Everything happens on your device. The file is not uploaded to Tooleem servers, nothing is stored, nothing is tracked, and there is no sign-up. Your original file is left as-is; you download a new, smaller copy. That makes it safe for sensitive documents such as contracts, medical records, and financial statements, which never leave your computer.

11

Frequently asked questions

Is my PDF uploaded to a server?

No. All compression happens locally in your browser. The file is not uploaded to Tooleem servers, and your original file is never changed; you download a new, smaller copy.

How does the compression work?

The tool uses pdf-lib to remove duplicate objects, trim unnecessary metadata, and re-save the internal structure more compactly. It does not re-encode your images, so the visible page stays the same.

Why did my PDF not get much smaller?

Usually because it is mostly text and already compact, was compressed before, or is mostly scanned images. Because the tool does not downscale images, image-heavy files see smaller savings. If a file is already lean, little change is expected.

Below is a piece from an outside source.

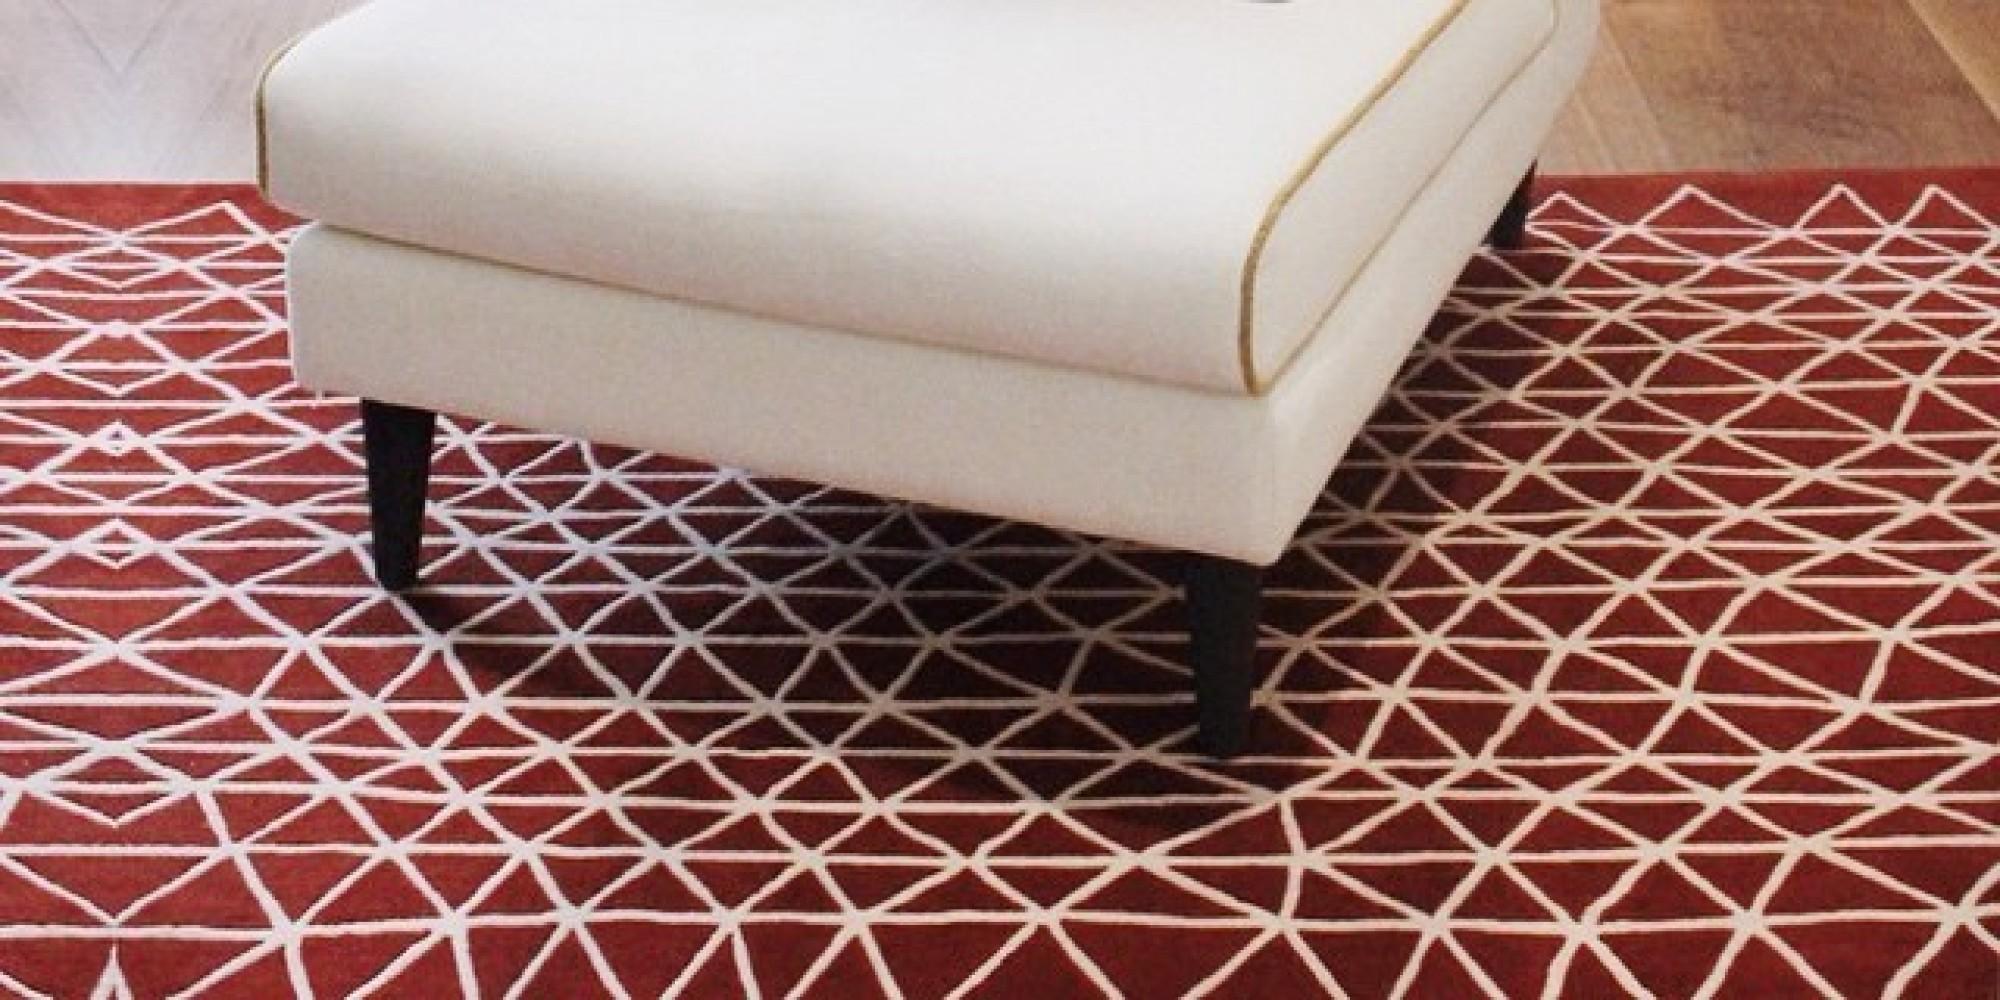 ... la nouvelle collection de tapis de Sarah Lavoine inspiru00e9e du0026#39;Essaouira

Can I compress scanned PDFs?

Yes, but the savings are modest. A scan is mostly image data, and this tool does not re-encode images. For a bigger drop, compress the images before building the PDF, or use a server tool that lowers image quality.

Will compression reduce quality?

The visible page is not changed. The tool cleans up structure rather than downscaling images, so text stays crisp and pictures keep their resolution. The tradeoff is smaller savings than tools that lower image quality.

What is the file size limit?

Up to about 100MB. Because everything runs in your browser, very large files use a lot of memory and may slow down or crash the tab.

What should I do if the file is still too large?

Split the PDF into smaller files, or delete pages you do not need, then compress what remains. If the weight is scanned images, re-compress those images before building the PDF.

Should I split or delete pages before compressing?

If the file is huge or you only need part of it, yes. Use Split PDF or Delete PDF Pages first to cut the file down, which also helps it process smoothly in the browser, then compress the result.

Can I compress a password-protected PDF?

Not while it is encrypted. An encrypted PDF must be unlocked before processing. If you have the password, open the file and save an unprotected copy, then compress that copy.

Is the text preserved, and is the tool free?

Yes to both. The text and layout are identical to the original because only the internal structure is changed. The tool is free to use with no sign-up.